/Stroke-Prediction

Stroke Prediction is a project that have won the Best Project Award for CS3264, aimming to predict the likelihood of a stroke based on various input features such as age, gender, health conditions, and lifestyle factors.

Primary LanguagePython

Stroke Prediction

Stroke

Stroke Prediction is a project that aims to predict the likelihood of a stroke based on various input features such as age, gender, health conditions, and lifestyle factors. The model is built using a Bayesian Network and trained on data sourced from Kaggle. This README provides a comprehensive guide on how to set up, train, and verify the model.

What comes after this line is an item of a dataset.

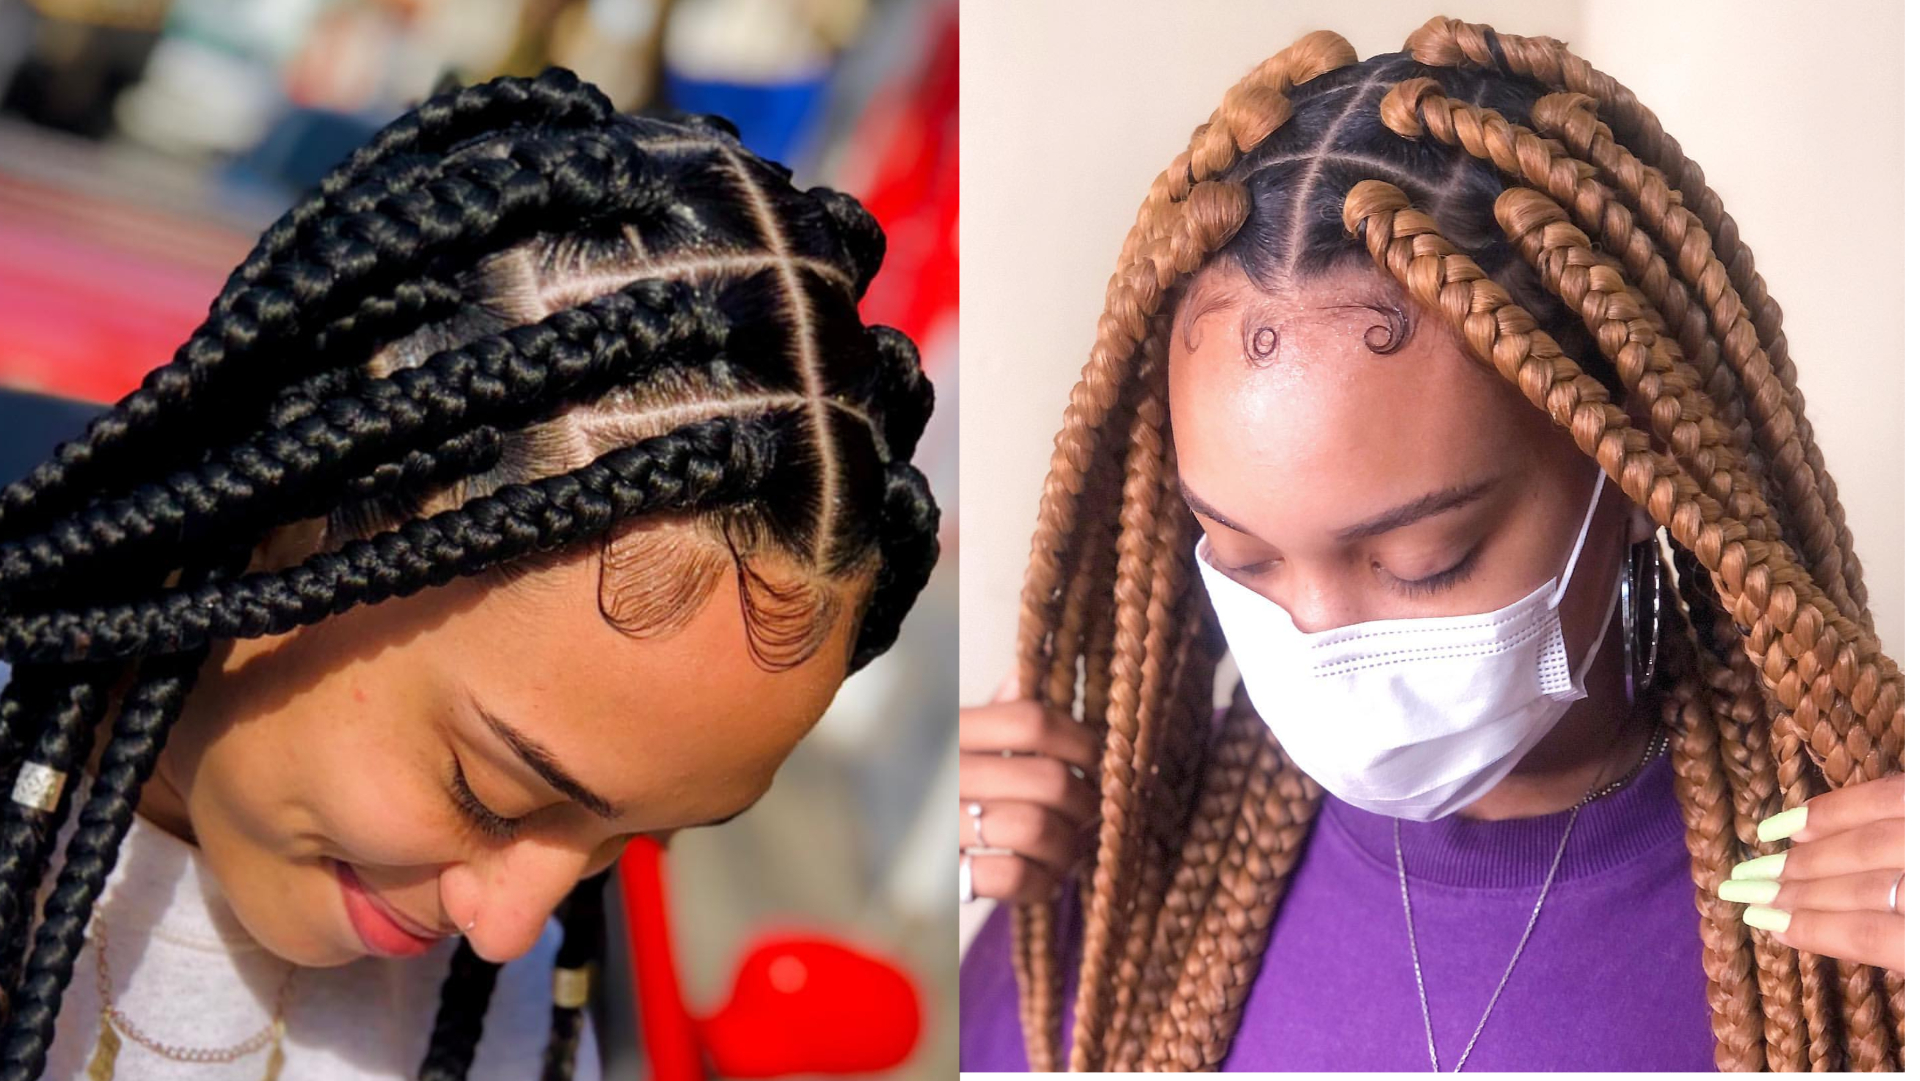 DIY Braiding How to Braid Your Own Hair at Home - Unleash Your Inner Stylist

This project has also won the Best Project Award amount all the teams for NUS CS3264, Foundation of Artificial Intelligence.

Stroke

Please refer to the full report for more information about the tool and the model.

Table of Contents

Dataset

The dataset used for this project is sourced from Kaggle. It includes features like age, gender, hypertension, heart disease, marital status, work type, residence type, glucose level, BMI, and smoking status.

Installation

  1. Clone the repository:

    git clone <repository-url>
    
  2. Navigate to the project directory:

    cd Stroke-Prediction
    
  3. Install the necessary Python libraries:

    pip install -r requirements.txt
    

Usage

  1. Data Cleaning: Before training the model, the raw data needs to be cleaned and transformed. Run the data_cleaner.py script to process the raw data and generate the transformed_data.csv file.

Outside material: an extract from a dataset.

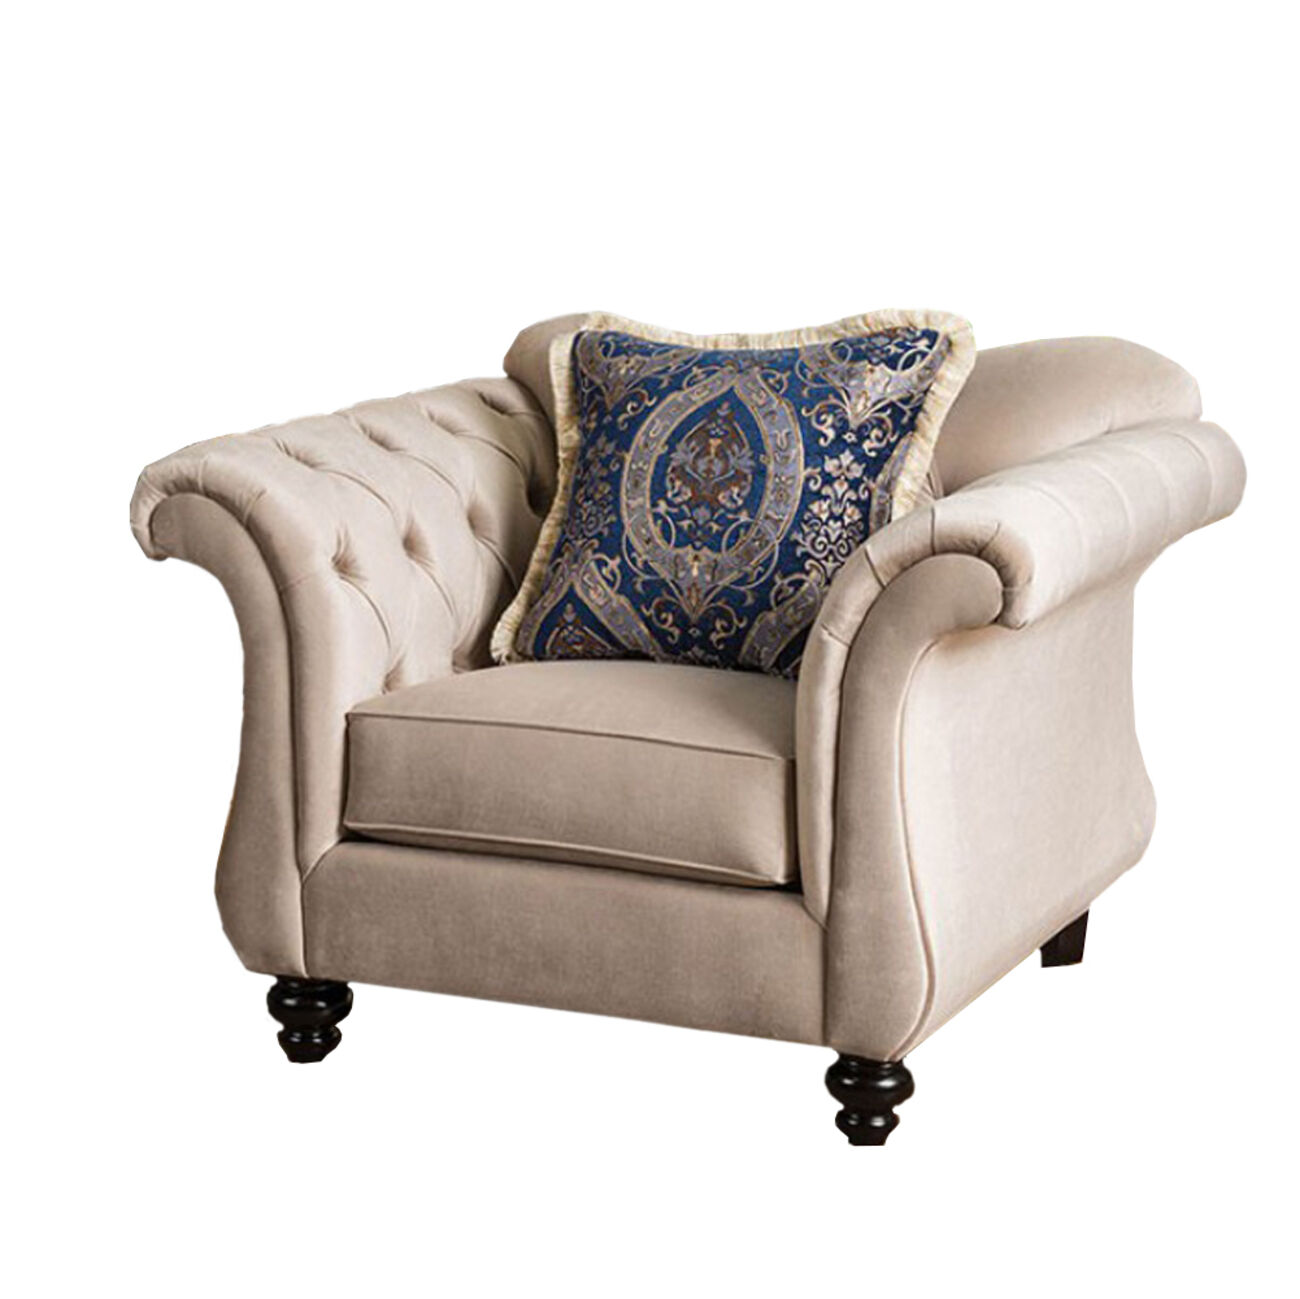 Luxurious Chesterfield Inspired Design Chair, Ivory

    python data_cleaner.py
    
  2. Training the Model: Use the model.py script to train the Bayesian Network on the transformed data.

    python model.py
    
  3. Model Verification: To verify the accuracy of the trained model on a test dataset, use the verifier.py script.

    python verifier.py
    
  4. Graph Visualization (Optional): If you want to visualize the Bayesian Network, you can use the graph.py script.

    python graph.py
    

Files in the Repository

  • raw.csv: Raw data sourced from Kaggle.
  • transformed_data.csv: Processed data ready for training.
  • data_cleaner.py: Script to clean and preprocess the raw data.
  • model.py: Script to train the Bayesian Network.
  • verifier.py: Script to verify the accuracy of the trained model.
  • graph.py: Script to visualize the Bayesian Network (optional).
  • requirements.txt: List of Python libraries required for the project.